= Linda Newson =

Linda Ann Newson, FBA, OBE, is a historical geographer, and emeritus professor of King's College London. In 2015 she received the Order of the British Empire for services to Latin American studies. She has also been awarded the Carl O. Sauer Award for Distinguished Scholarship, the Preston E James Lifetime Achievement Award, and the Royal Geographical Society's Back Award.

== Life ==
Linda Ann Newson is a historical geographer, and a specialist in Latin American studies. She earned both a Bachelor of Arts and a doctorate in geography at University College London, before teaching at King's College London from 1971 until 2011. She was appointed full professor in 1994. Newson has a particular interest in the impact of colonisation on indigenous peoples, especially how Old World diseases affect demographics. She publishes in both English and Spanish.

Newson is an emeritus professor at King's College London.
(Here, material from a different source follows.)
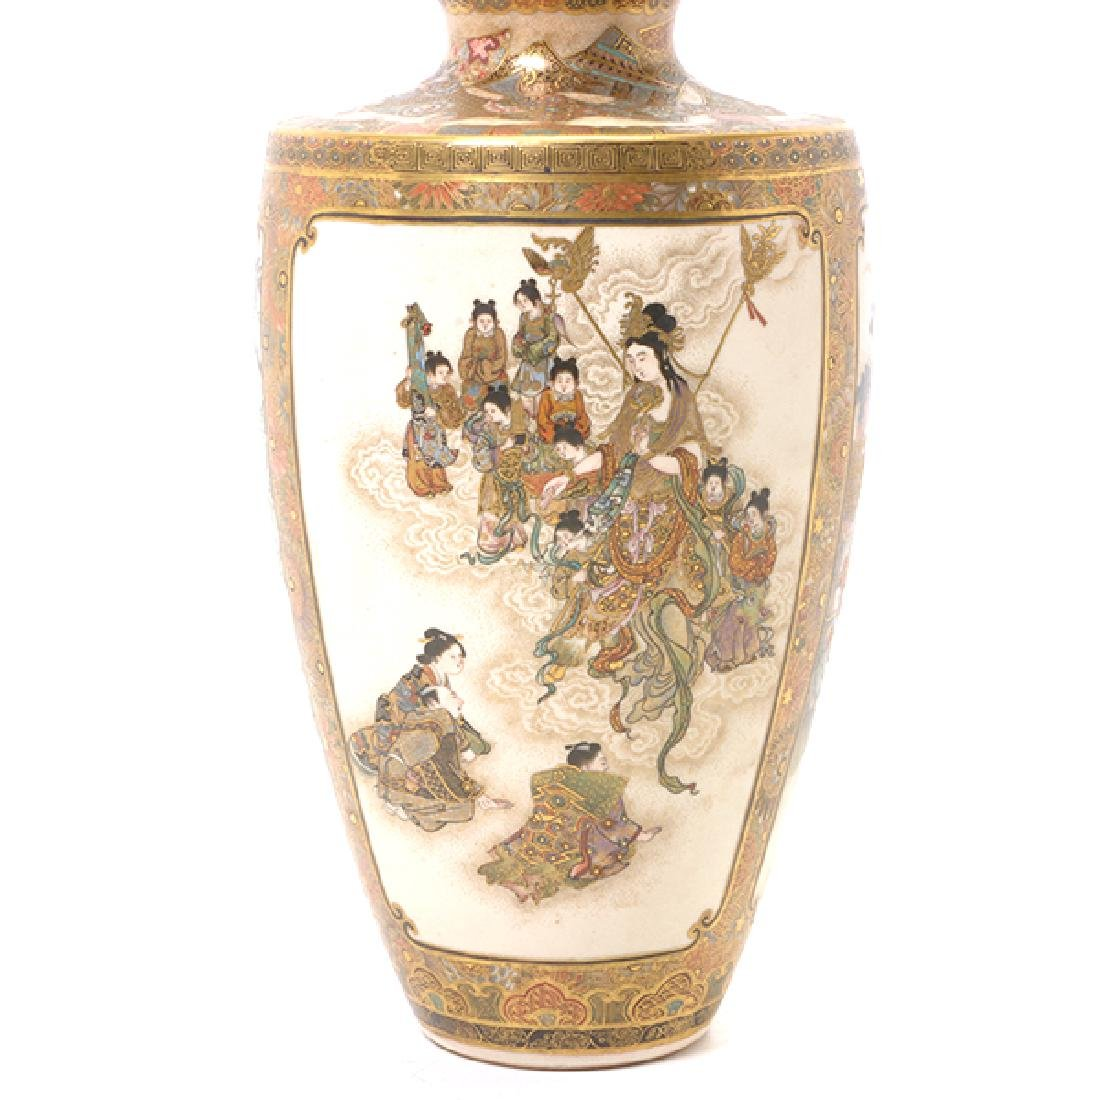 A Pair of Satsuma Vases By Okamoto Ryozan, Meiji Period - 3

She was Head of the School of Humanities at King's College from 1997 to 2000. and was director of the Institute of Latin American Studies, School of Advanced Study, University of London.
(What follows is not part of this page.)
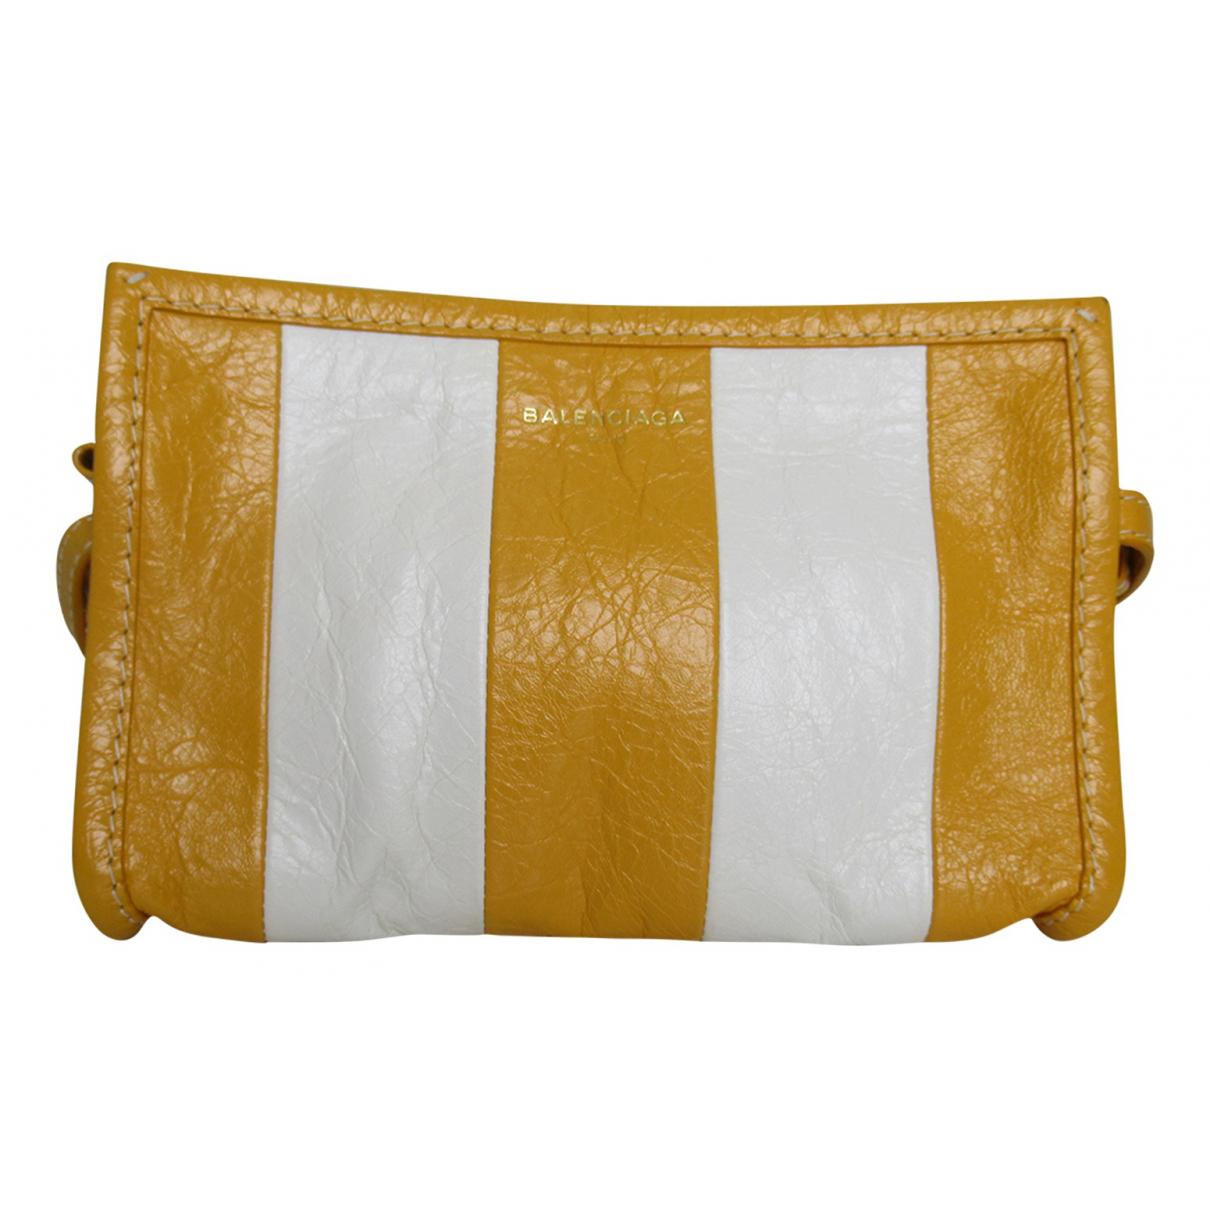 Balenciaga Bazar Bag Multicolour Leather Clutch bag for Women N

Newson is a Fellow of Gresham College, and was elected a Fellow of King's College London in 2001. She is a Fellow of the British Academy.

Newson has served as a trustee of Canning House, and as an AHRC Panel member, and as a member of the International Advisory Panel on the Endangered Archives Programme, at the British Library.

== Honours and awards ==
Newson received the Carl O. Sauer Award for Distinguished Scholarship from the Conference of Latin Americanist Geographers, USA in 1992. In 2017 the conference awarded her the Preston E James Life-time Achievement Award. The Royal Geographical Society awarded her the Back Award in 1993 "for her contributions to the historical geography of Latin America".

In the 2015 Queen's Birthday Honours she received the Order of the British Empire (OBE) for services to Latin American studies.